** Aim of the exercise **
Only the lines from the one containing "PANTONE 14-4311 TCX - Corydalis" through the end of the material should be printed, exactly as they appear. Leave out pictures.

** Information shown **

------------------------------------

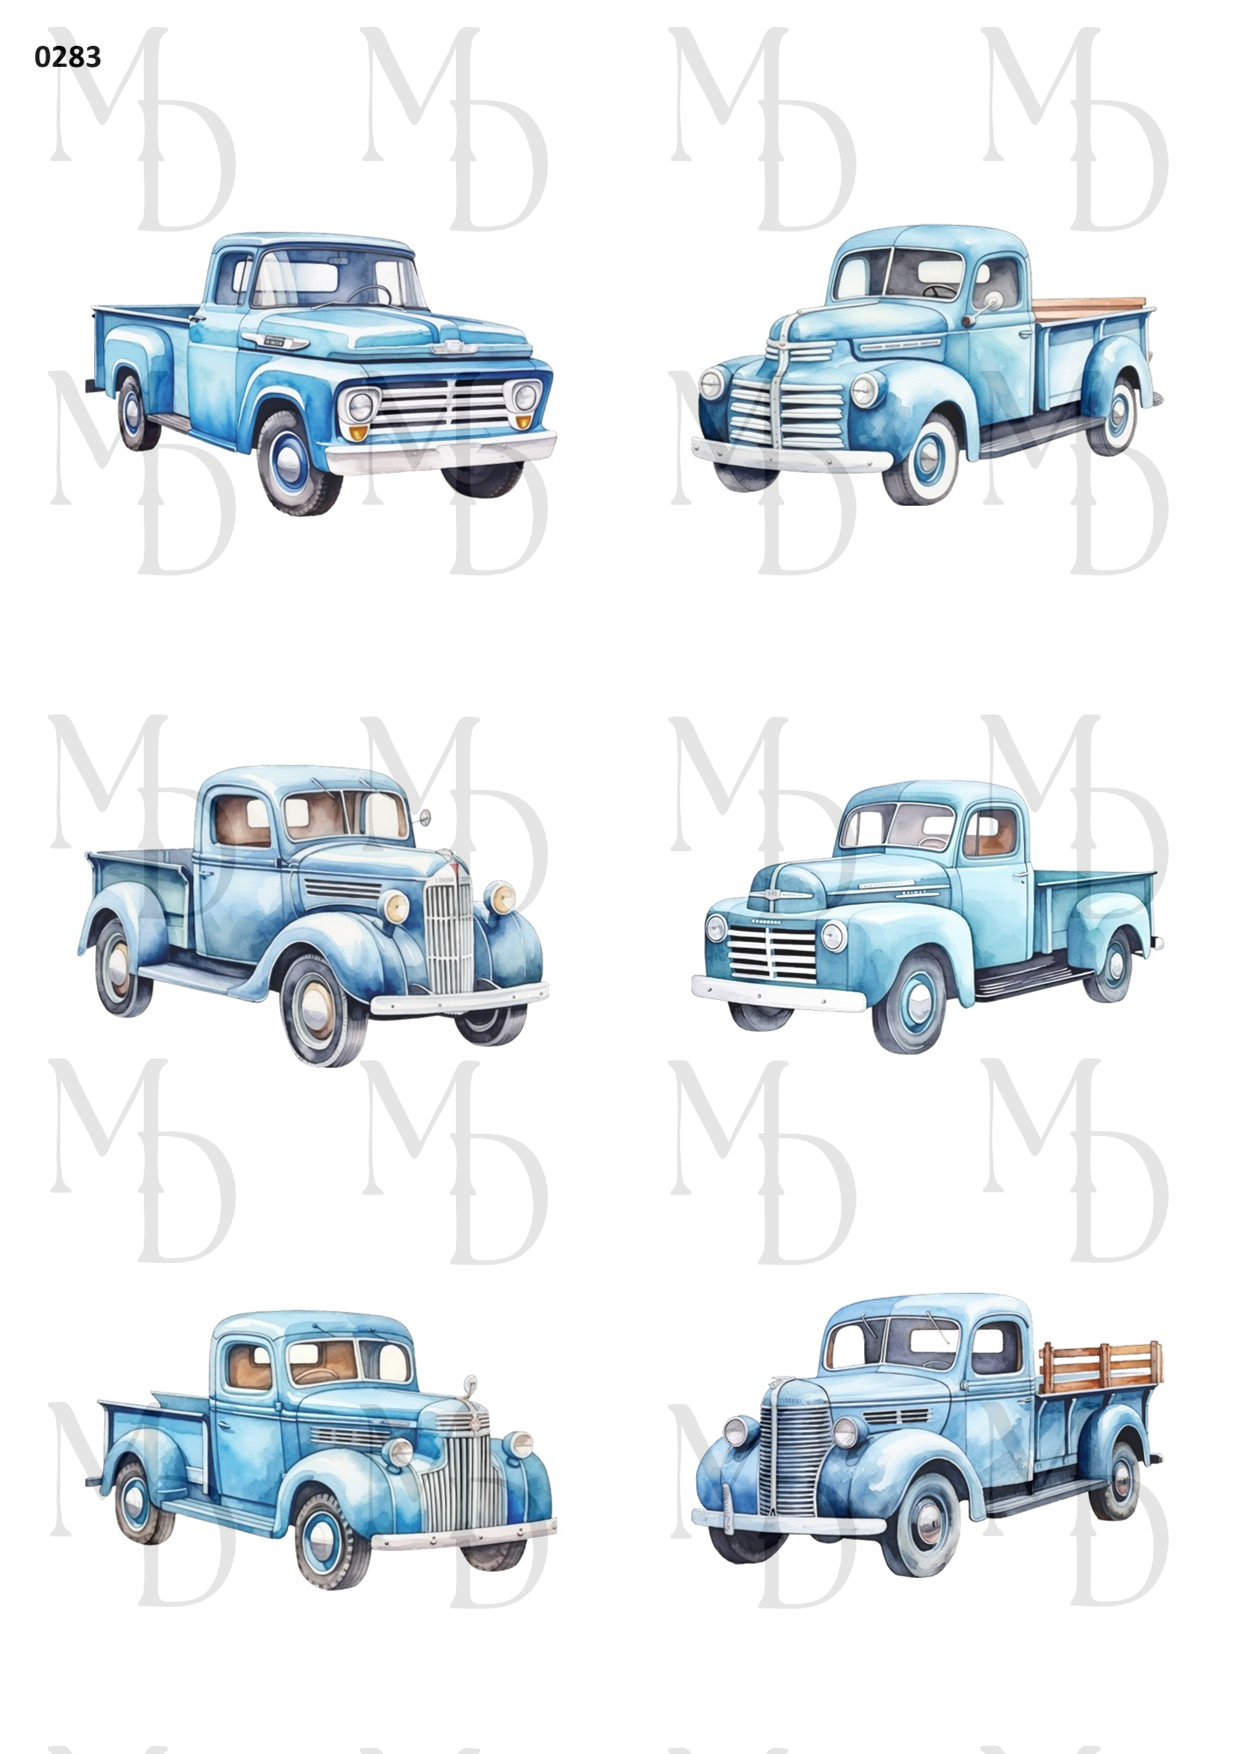 0283-MD Blue trucks
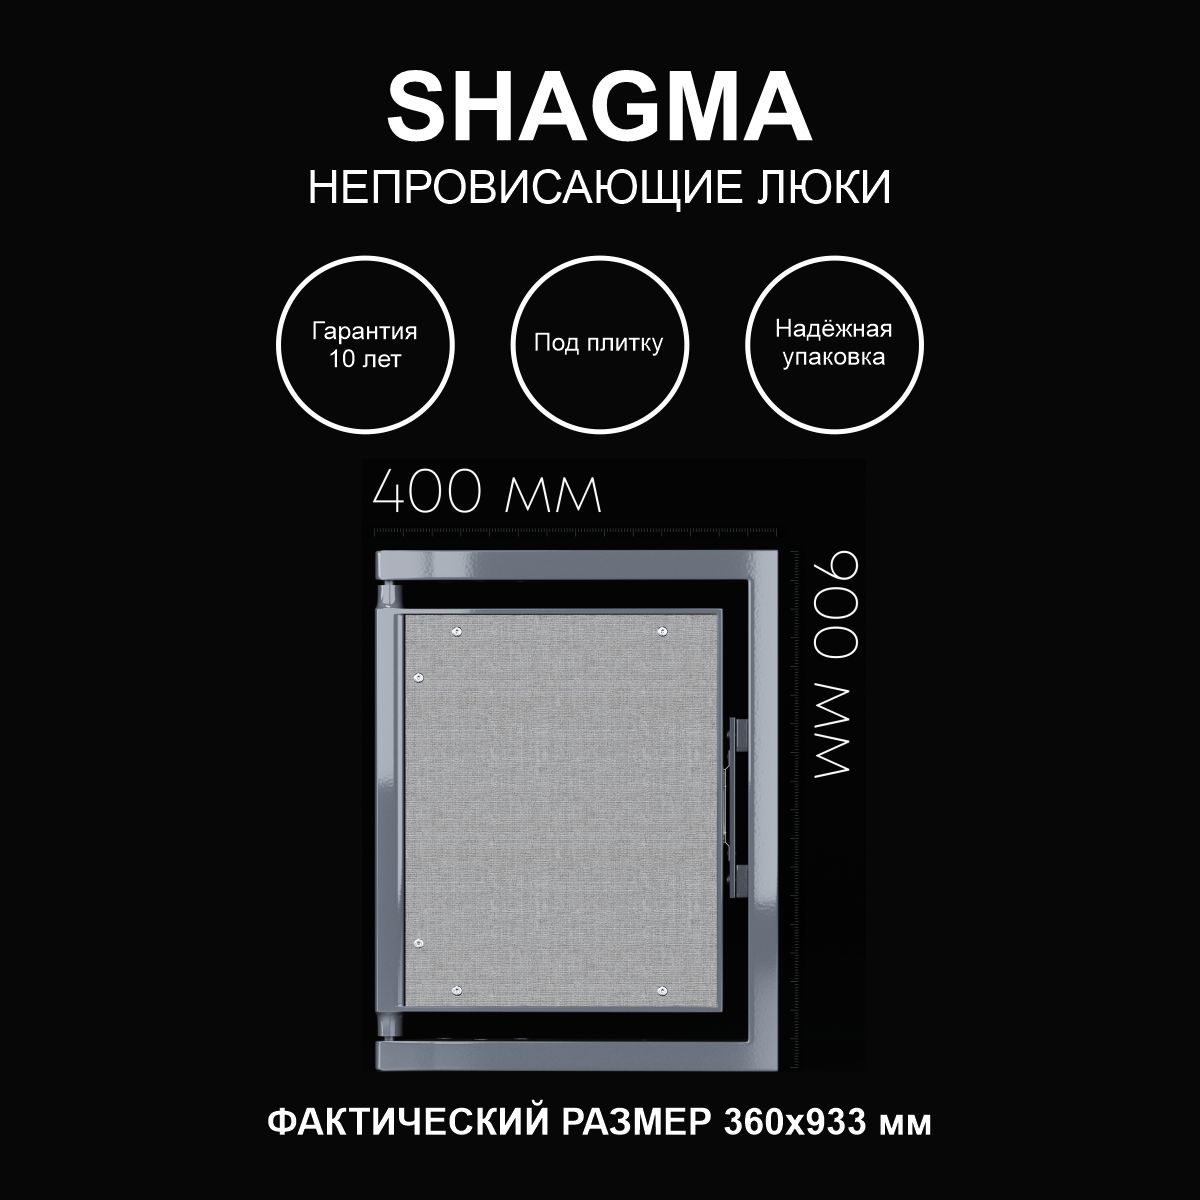 Люк SHAGMA ревизионный под плитку сантехнический 400х900 мм
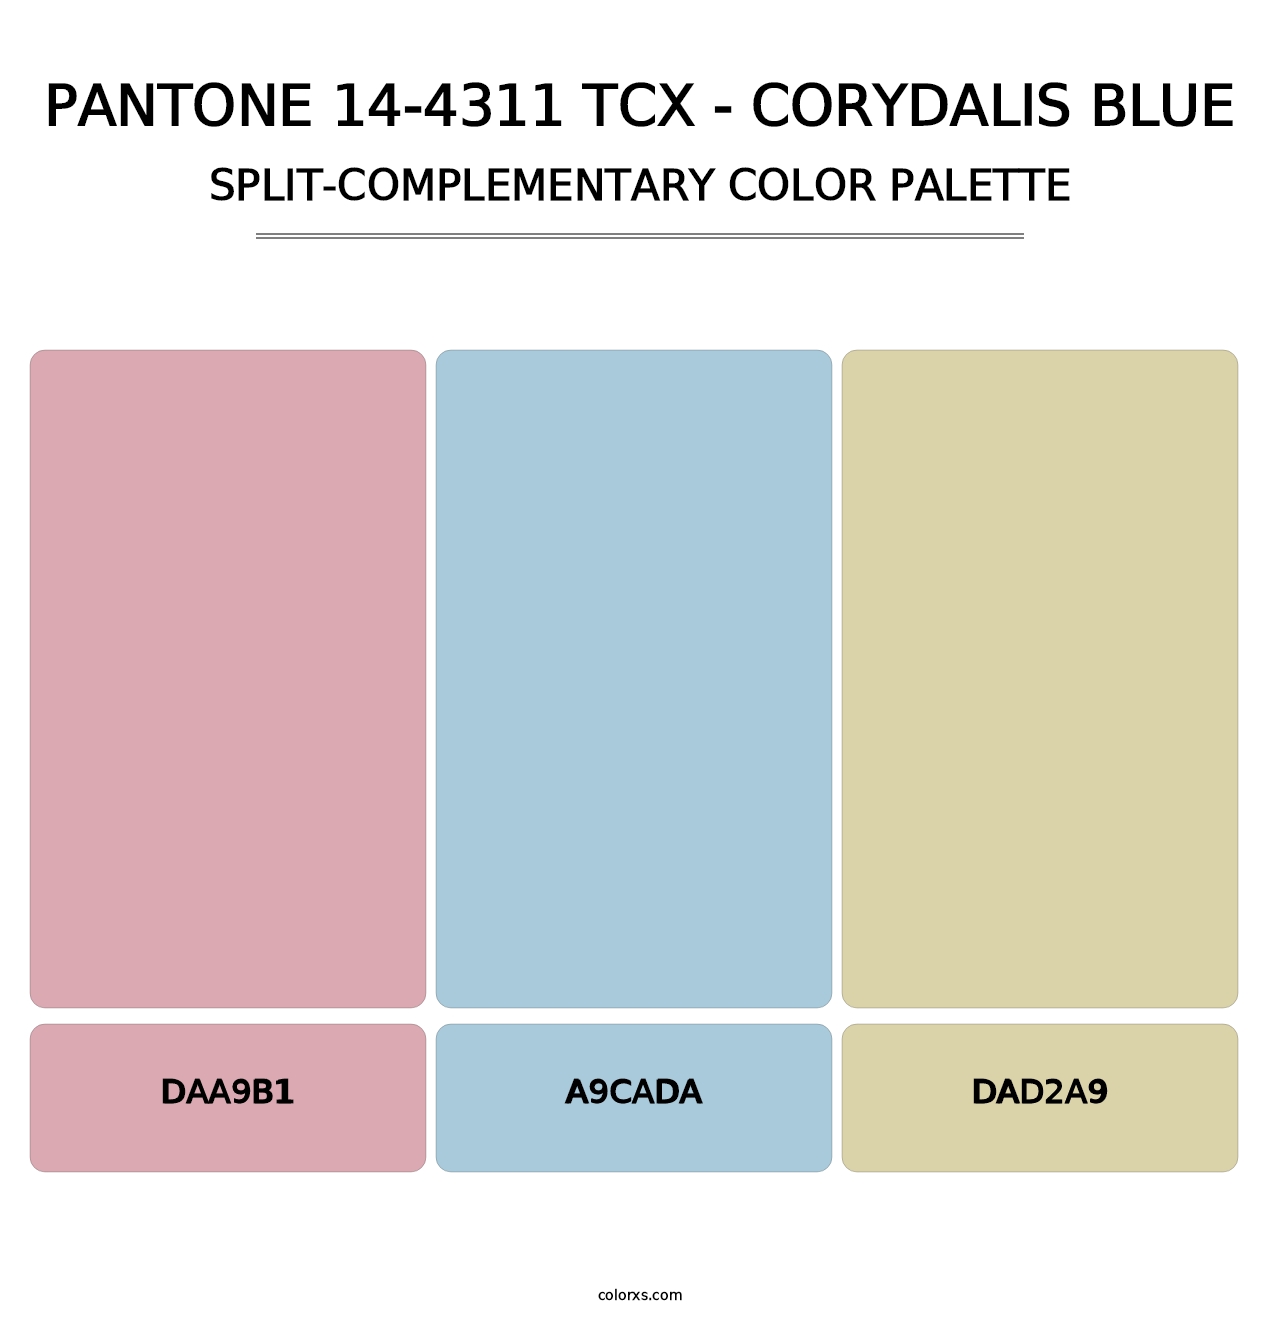 PANTONE 14-4311 TCX - Corydalis Blue - Split-Complementary Color Palette
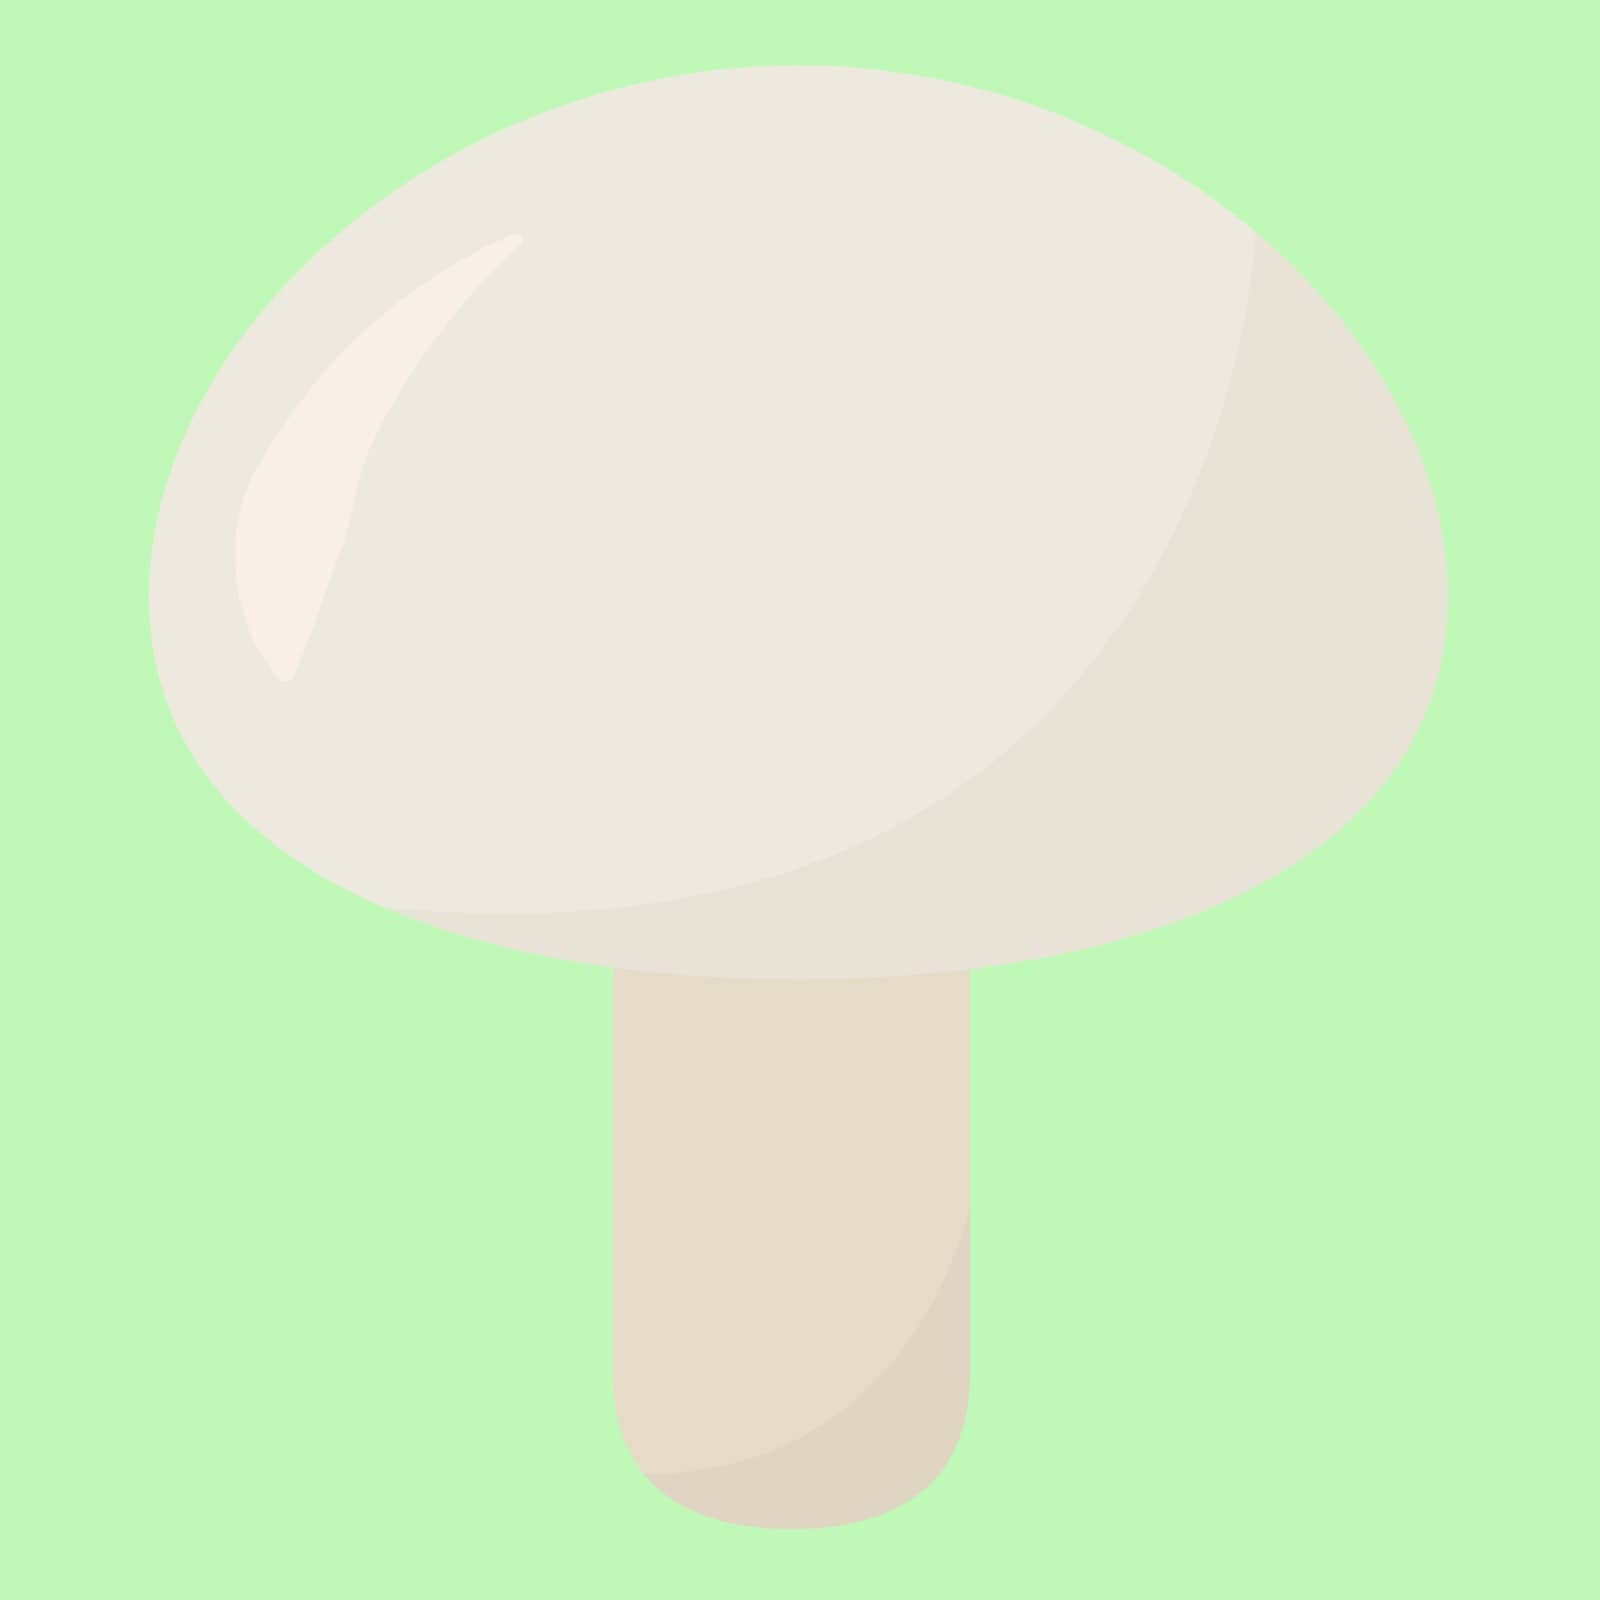 White mushroom, illustration, vector on white background. by Morphart

------------------------------------

** Result of this task **
 PANTONE 14-4311 TCX - Corydalis Blue - Split-Complementary Color Palette
 White mushroom, illustration, vector on white background. by Morphart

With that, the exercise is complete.